Als je op Terschelling doorrijdt richting Boschplaat en afslaat richting Wad, precies daar waar je Ameland in het vizier krijgt, vind je de wilde zeeaster. Op gympen hopt Flang Cupido over de natte kwelder en plukt voor ons smalle, stevige blaadjes. Ze smaken intens groen, alsof de hele fotosynthese zich ineens aan je openbaart. Spinazie in het kwadraat, maar dan met het klontje zoute boter er al bij in. Zeeaster vind je bij de visjuwelier onder de naam lamsoor. Lamsoor groeit ook langs de Waddenkust van Terschelling, maar is stomper van vorm en stugger. ‘Lamsoor ligt lekkerder in het gehoor, dat zal het wel zijn’, zegt Cupido. Als de zeeaster bloeit kleurt de hele kwelder paars, zoals de lavendelvelden in Zuid-Frankrijk. Hij wordt deze zomer geteeld in de zilte tuin bij Lies, initiatief van een eilander collectief waar Cupido een van de trekkers is. Meer uit de natuur eten brengt meer besef van die natuur, van de beschikbaarheid en van de kwetsbaarheid. Cupido: ‘Ik houd van de verbazende eenvoud van eten uit de natuur. De bermen staan hier vol met kraailook, de kust ligt vol heerlijke oesters, de weilanden staan vol paardenbloemen, heerlijk in gelei. Dat wil ik mensen laten proeven.’

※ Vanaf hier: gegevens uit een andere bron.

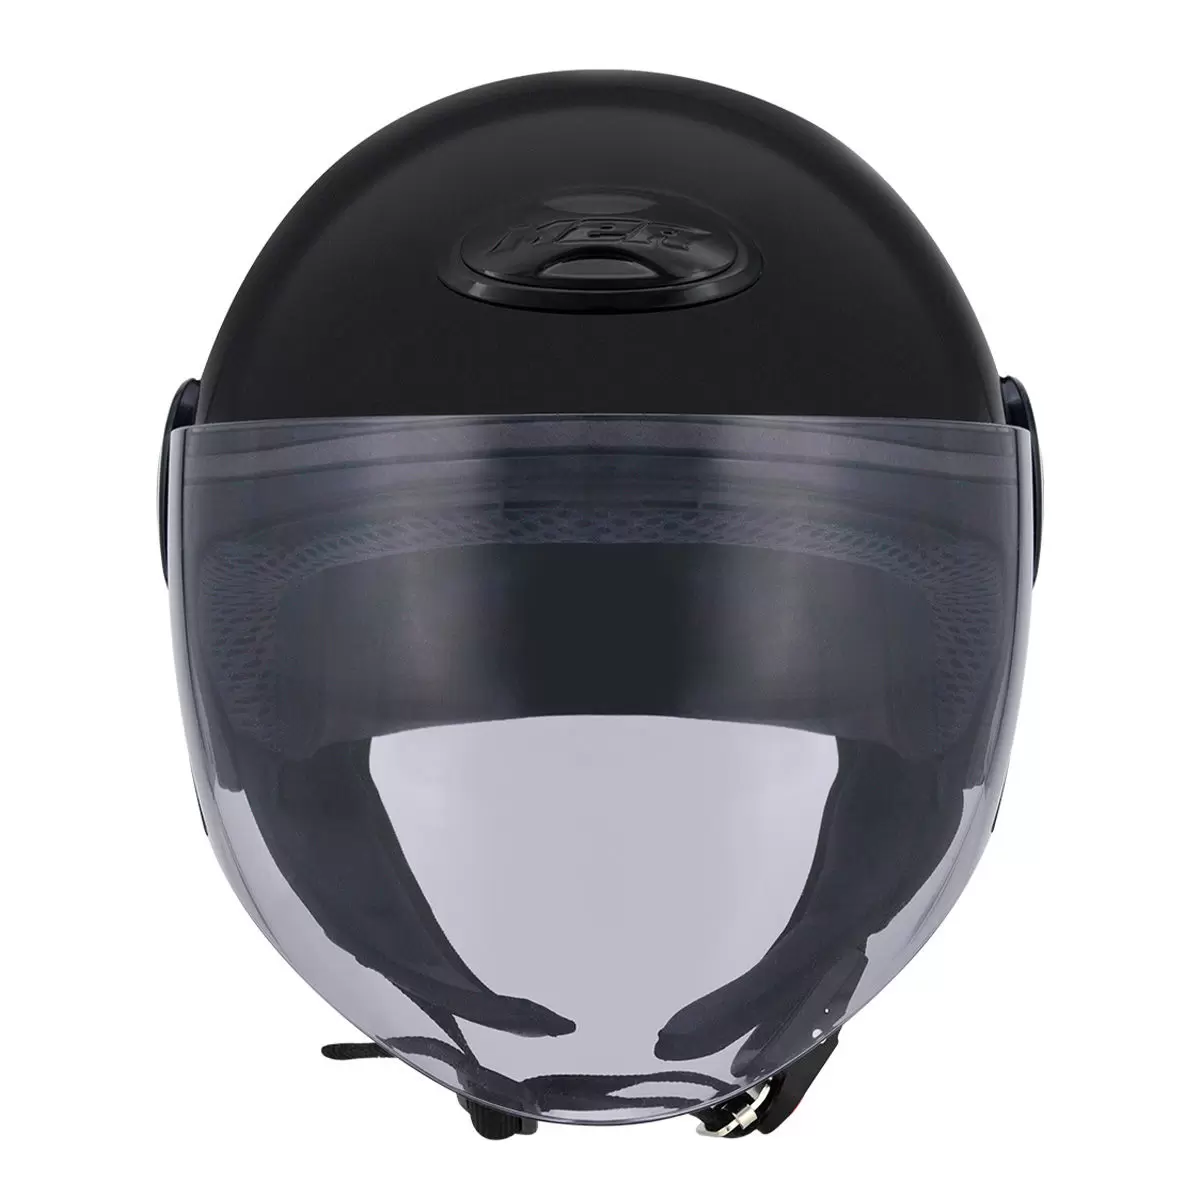 M2R 1/2罩安全帽 騎乘機車用防護頭盔 M-506 亮黑 XXL
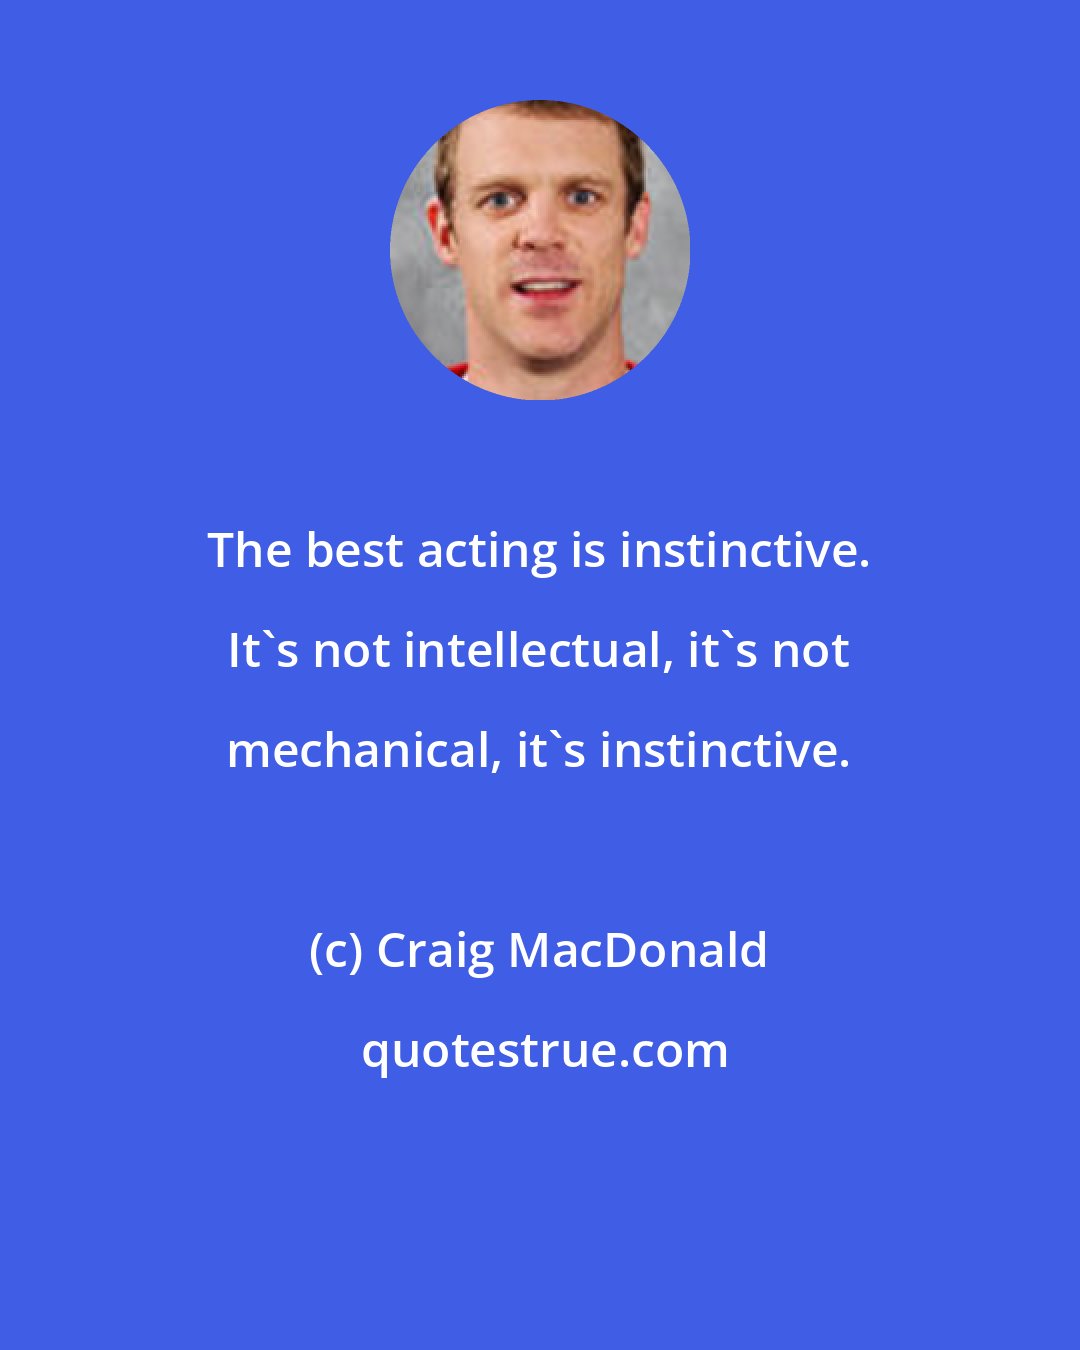 Craig MacDonald: The best acting is instinctive. It's not intellectual, it's not mechanical, it's instinctive.

Flang Cupido – Hoorn, te Terschelling geboren en getogen – heeft in zijn paspoort de namen Willem Andries staan, maar iedereen kent hem bij zijn bijnaam. Hij is drievoudig wereldkampioen snertkoken, stichtte de roemruchte strandtent Heartbreak Hotel en geeft nu kookworkshops. Zijn culinaire Wadlooptocht is het meest geboekte arrangement: wildplukken van flora en fauna uit zee, en daarna met behulp van een fijn vuurtje de oogst bereiden. Over de dijk bij Lies vinden we zeeslakken, oesters en eetbare zeewieren als zee-eik en zeesla, veel gebruikt in Cupido’s pannen. Aan de eilander zijde van de dijk ligt een versgeploegd landje braak. Op het veldje komt deze zomer onder andere zeeaster, zoute melde, ijskruid en zeevenkel. IJskruid is een knapperig blad met een kristallen wolletje. Zeevenkel is de zilte variant van de knolvenkel, zoute melde de zoute zus van het – tevens eetbare – onkruid dat je vaak uit de tuin wiedt en zeekraal is bekend als dat sappige zoutbommetje.
Deze zomer wordt in het klein begonnen om uit te zoeken welke groenten het goed doen en welke het meest in de smaak vallen, om volgend jaar uit te breiden. Twee hectare staat er ter beschikking voor de tuin. De horeca van het eiland sprak zo massaal uit met deze groenten te willen werken, dat de Waddenacademie er voldoende heil in zag om een startsubsidie te verstrekken. Terschelling streeft ernaar in 2020 onafhankelijk van fossiele brandstoffen te zijn. ‘Ben ik helemaal voor’, zegt Cupido. ‘Drie windmolens en we zijn er. We moeten de wereld goed achterlaten, we kunnen niet anders.’ Maar zelfvoorzienend in voedsel, dat is het eiland voorlopig nog niet. ‘Er gebeurt wel steeds meer: eigen varkens, rundvlees, melk, kaas. Dat gebruik ik zelf ook zo veel mogelijk. En ik heb mijn eigen moestuin.’
Helemaal nieuw is de teelt van zeegroenten niet. Aan de Friese waddenkust gebeurt het al en op Texel beproeft Marc van Rijsselberghe al langer zijn succes met zeegroenten. Met zijn ervaringen steunt hij de Terschellinger proeftuin. Cupido: ‘Het toerisme hier is ontstaan bij de boeren, die gasten ontvingen in het hooi en met hen gingen vissen, de zee ruiken en proeven. We zijn vergeten waar de bron ligt, daar wil ik naar terug.’